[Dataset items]
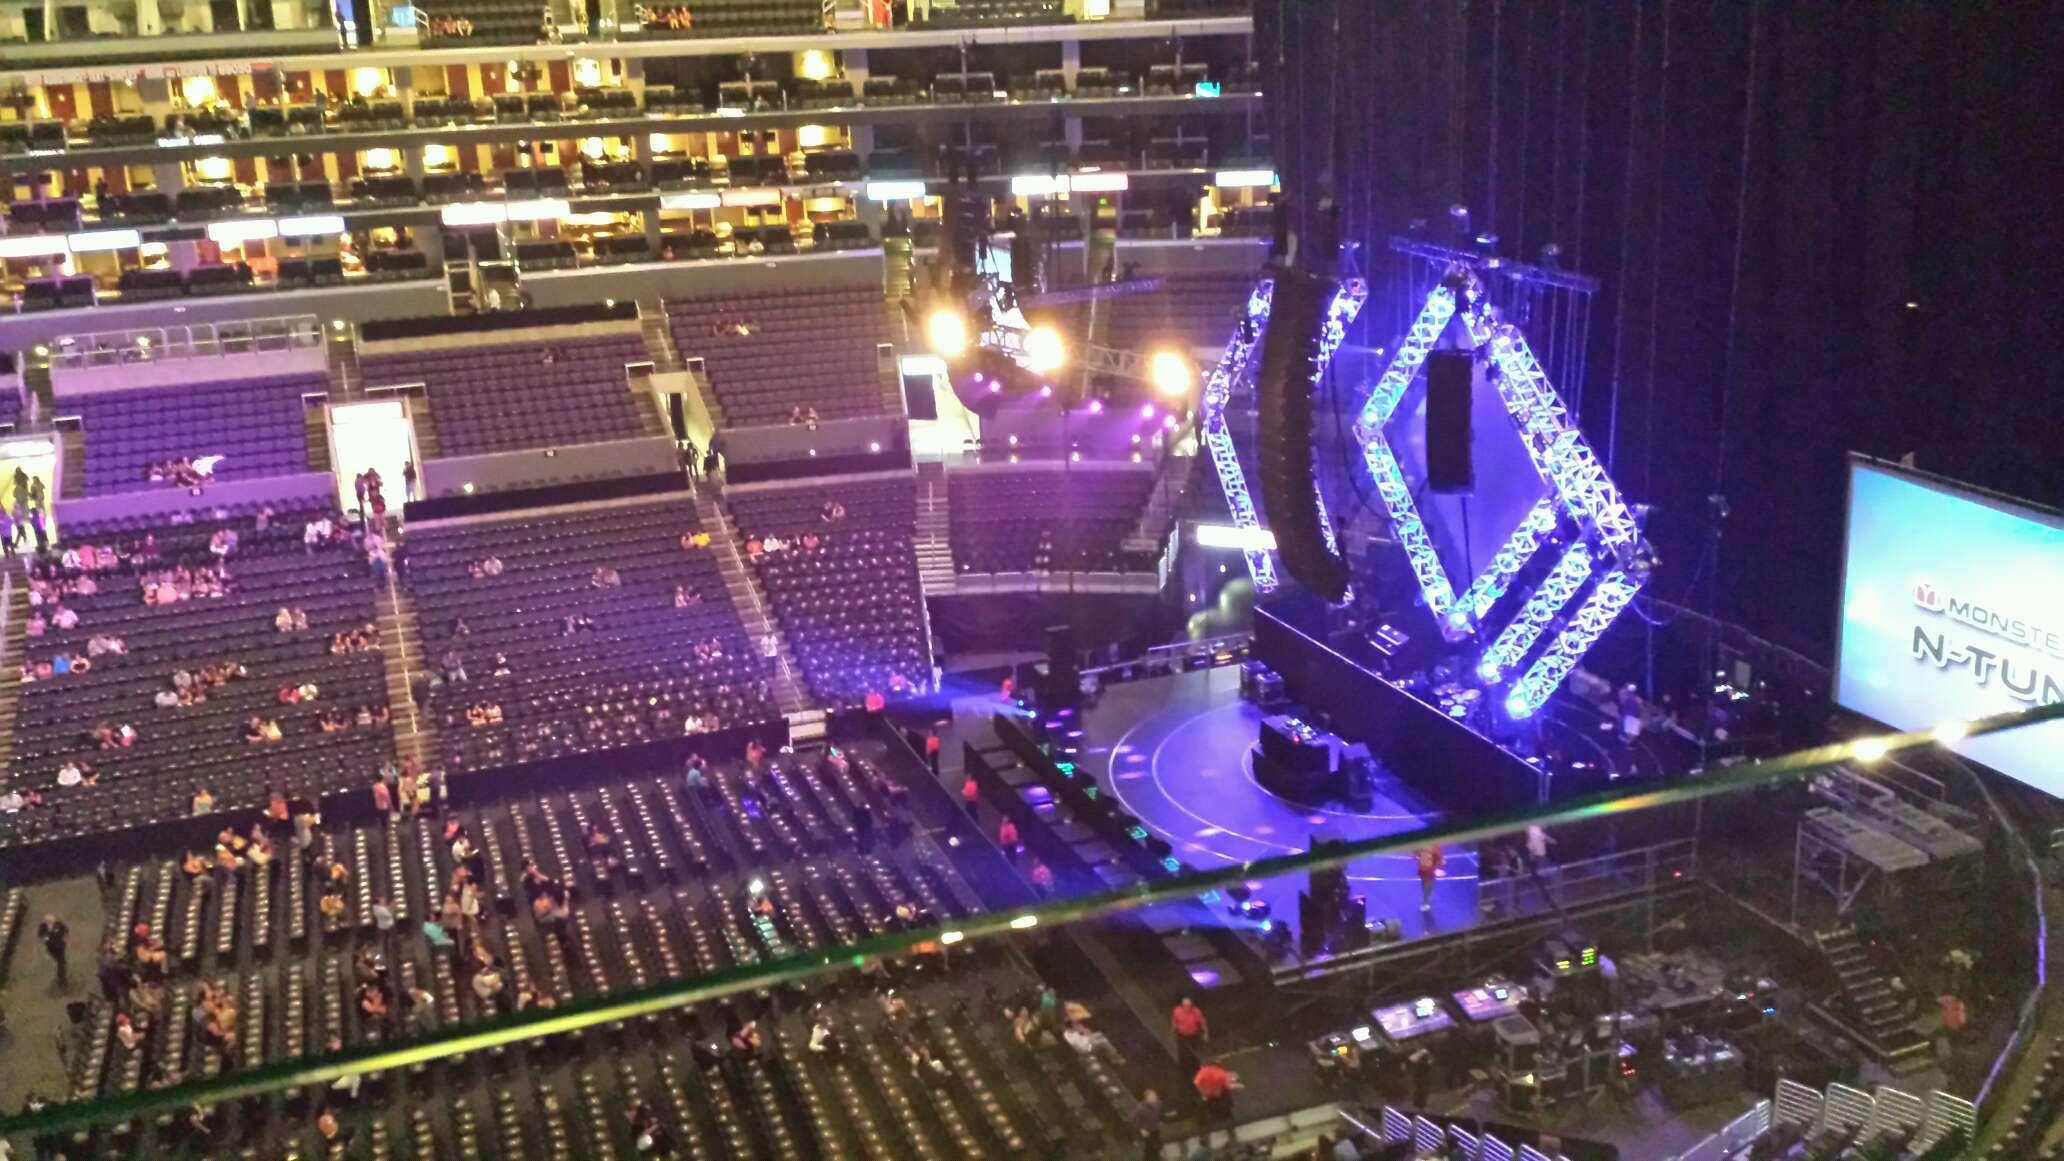 Staples Center Section 301 Row 001 Seat 1 Vs Calibash
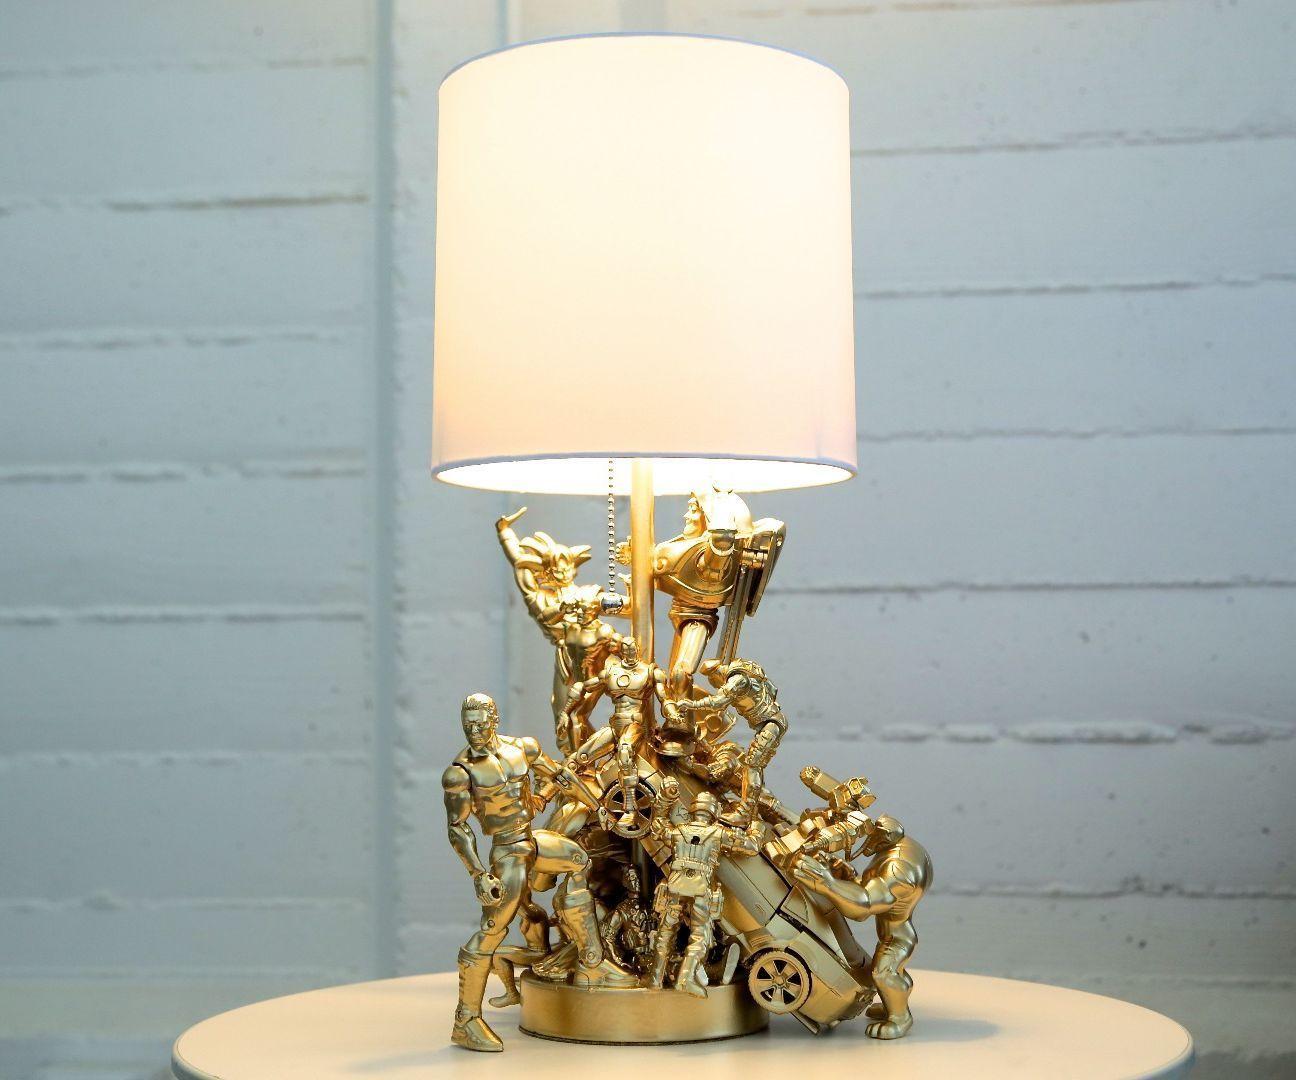 Action Figure Lamp Superhero Lamp Diy Lamp Diy Light Fixtures
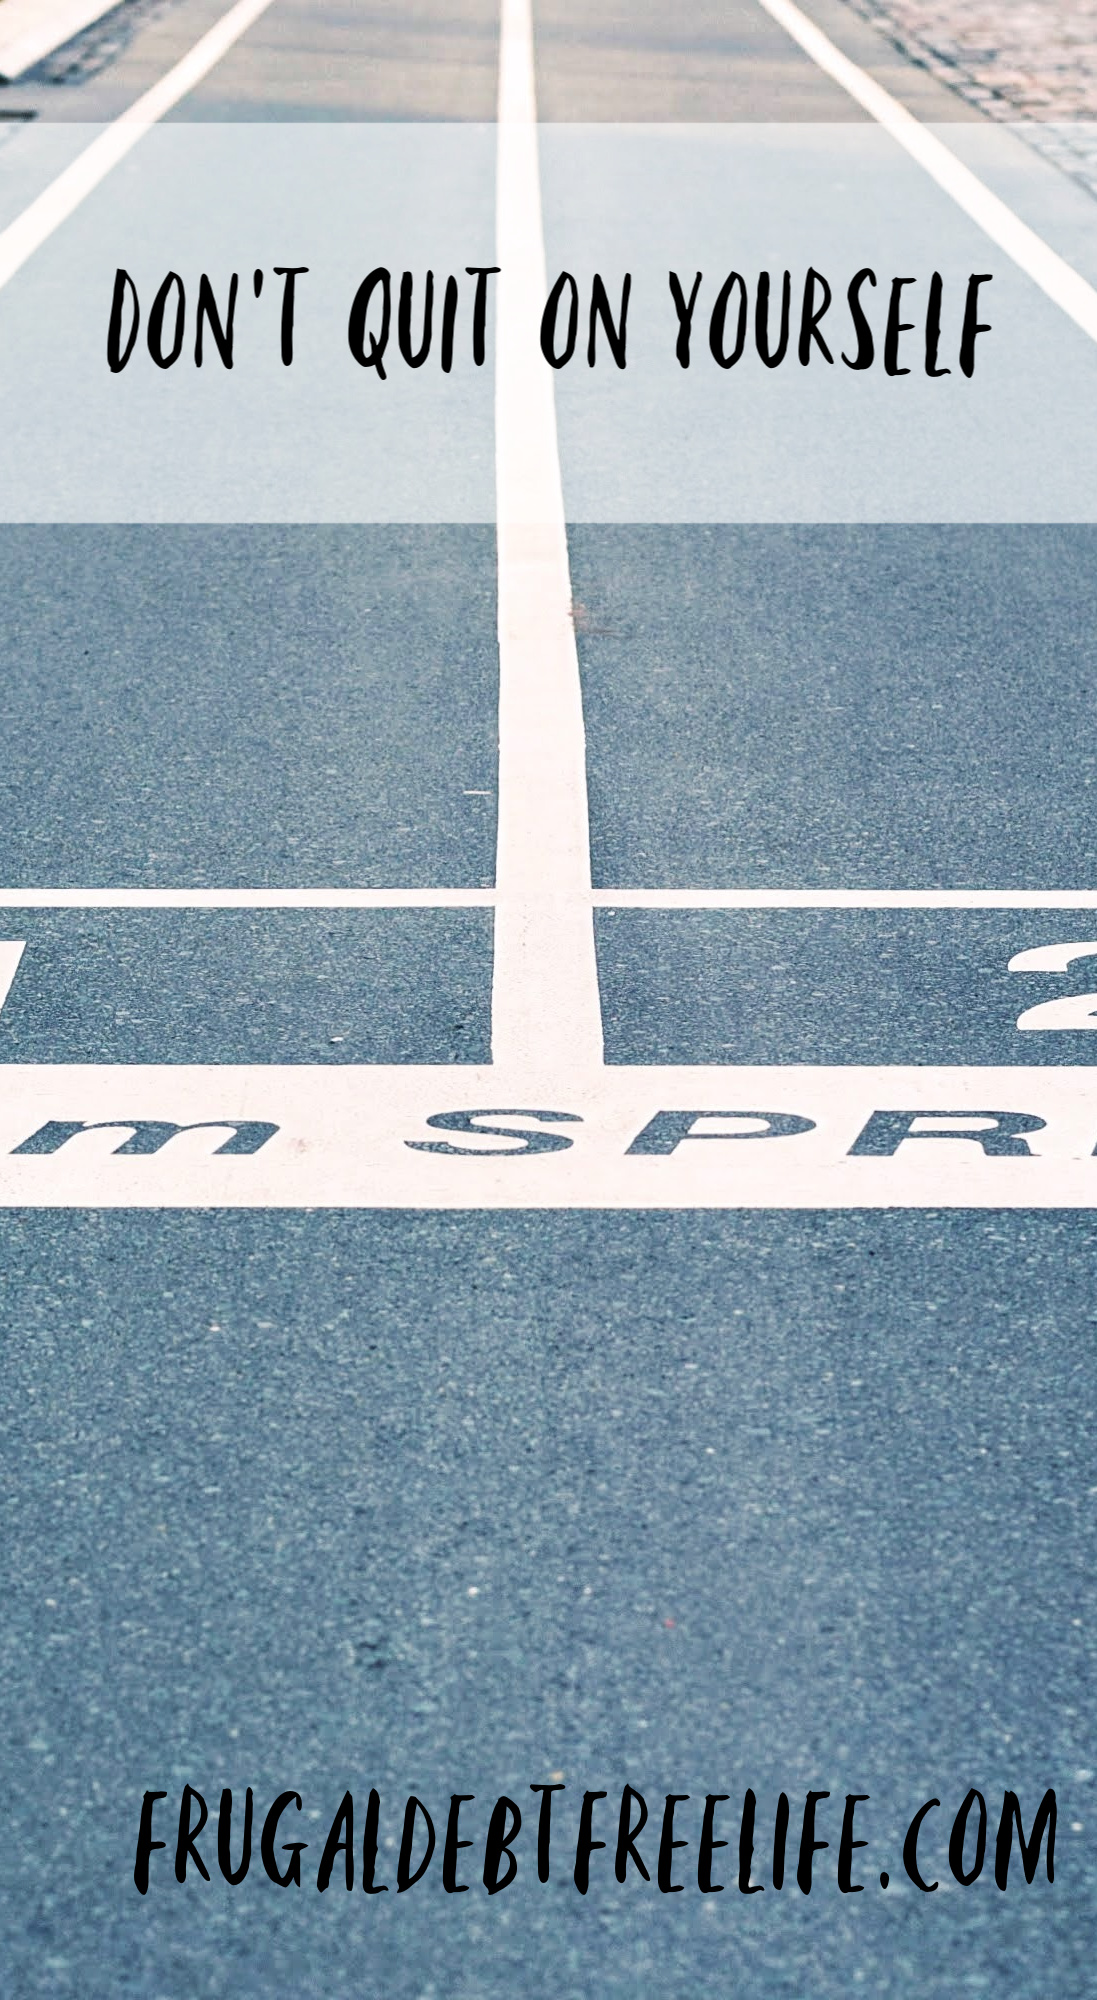 field-events-finish-line-goal-60230 (1).jpg
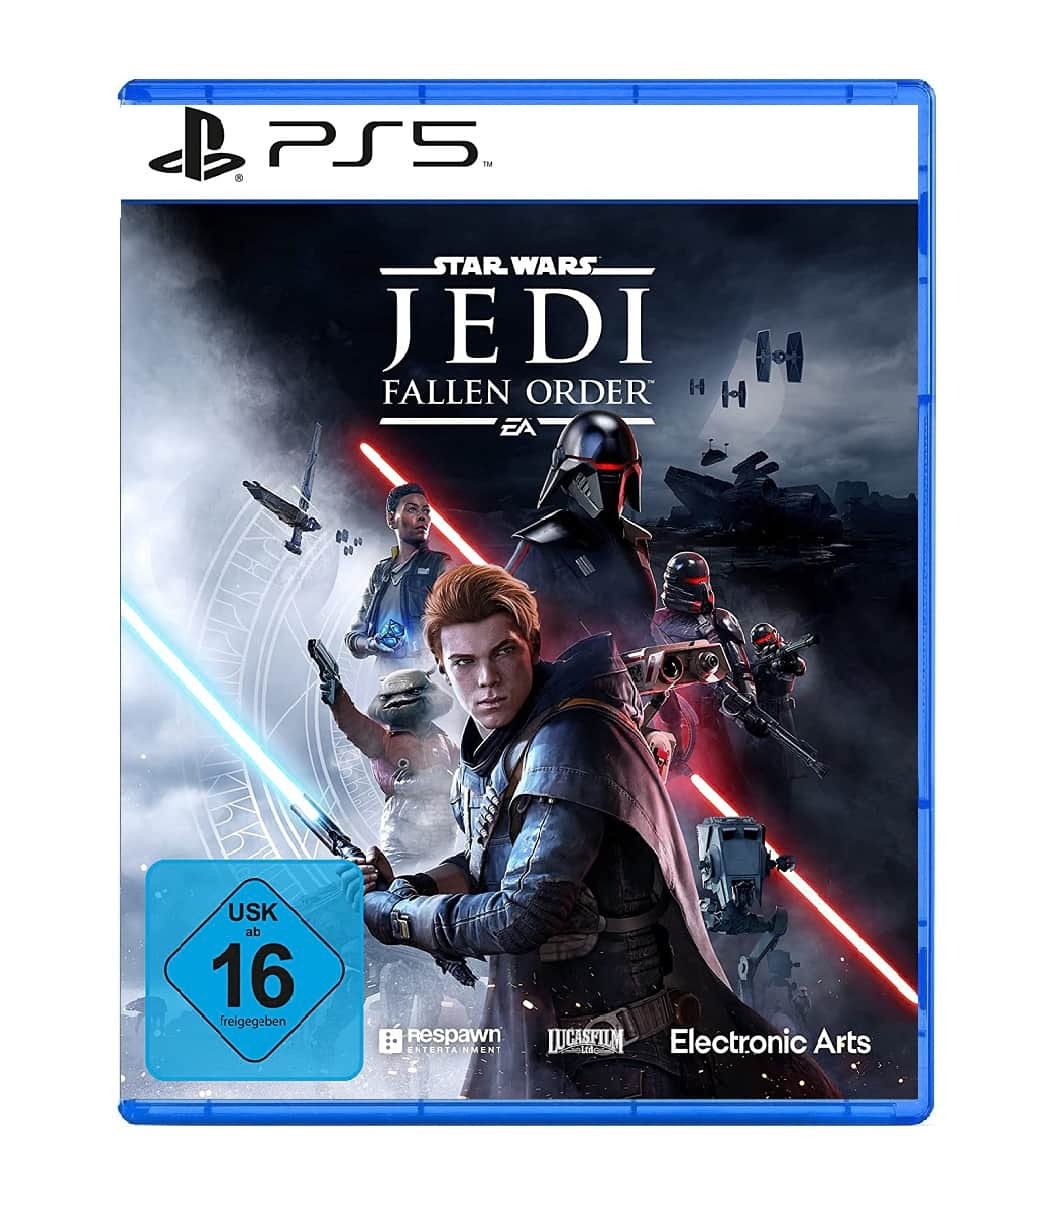 Ps5 Starwars Jedi Fallen Order
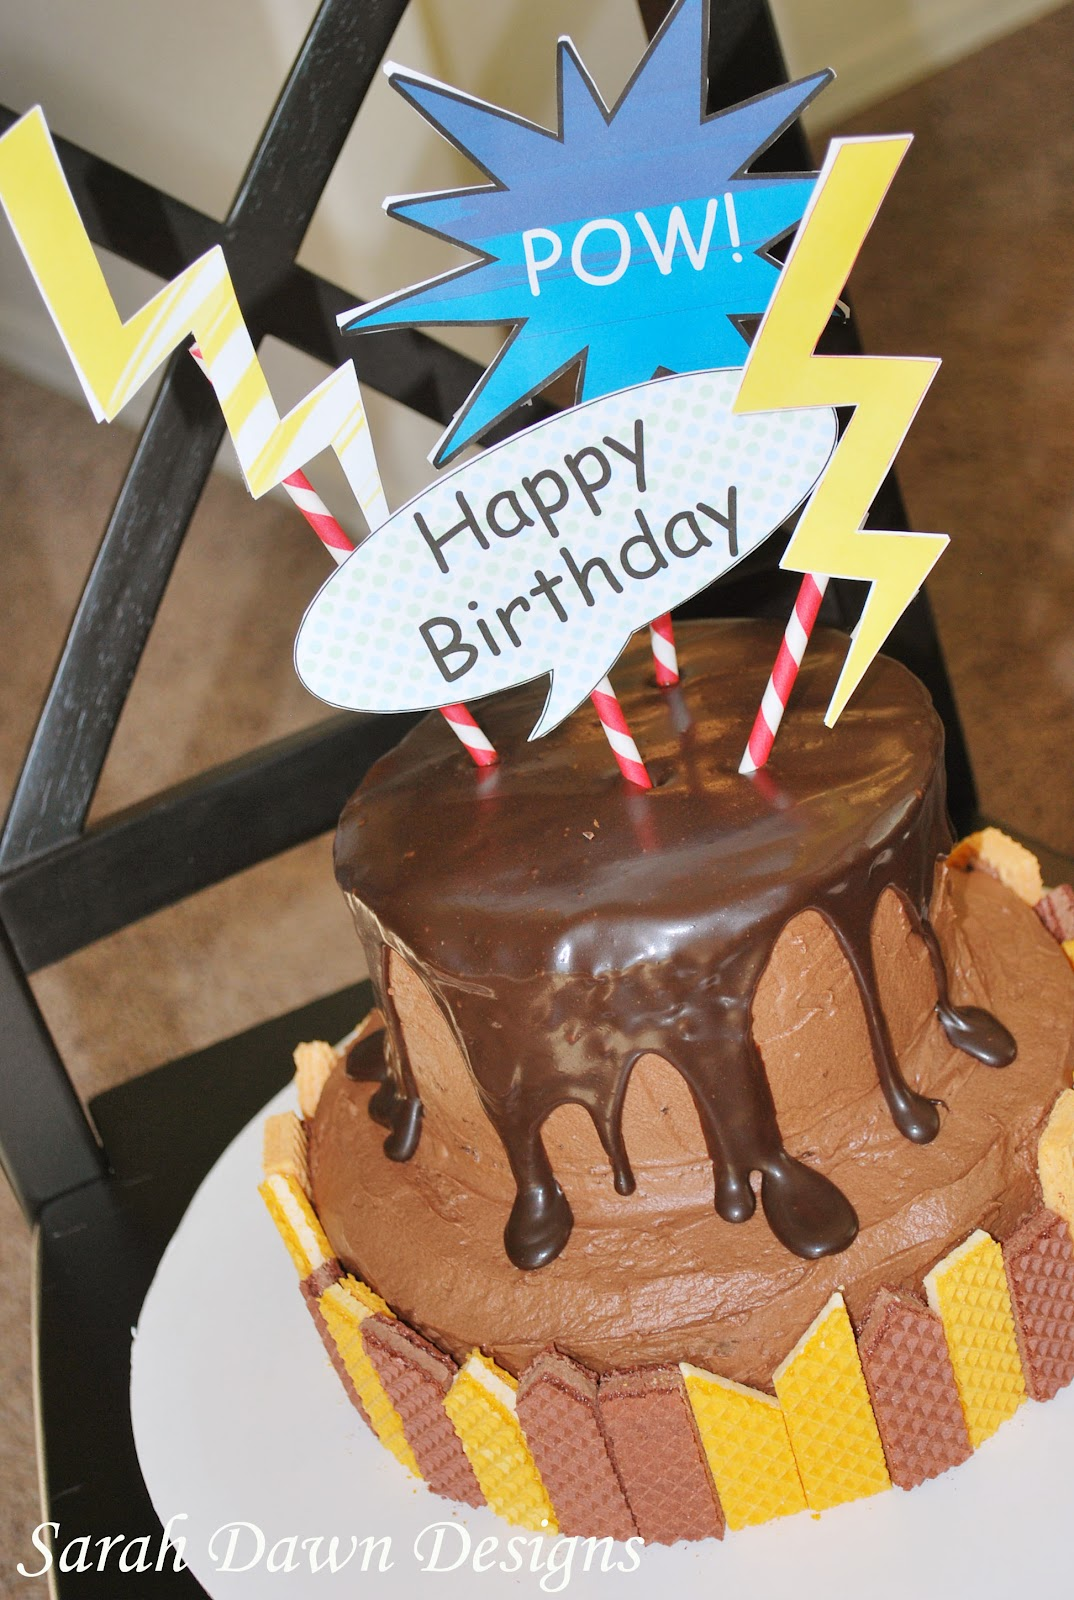 Sarah Dawn Designs Coolest Birthday Cake Superhero Style

*GOAL OF THE EXERCISE:* Return nothing except the lines from the one containing "field-events-finish-line-goal-60230 (1).jpg" through the final line of the data, copied exactly. Leave out all pictures.

*TASK RESPONSE:*
 field-events-finish-line-goal-60230 (1).jpg
 Ps5 Starwars Jedi Fallen Order
 Sarah Dawn Designs Coolest Birthday Cake Superhero Style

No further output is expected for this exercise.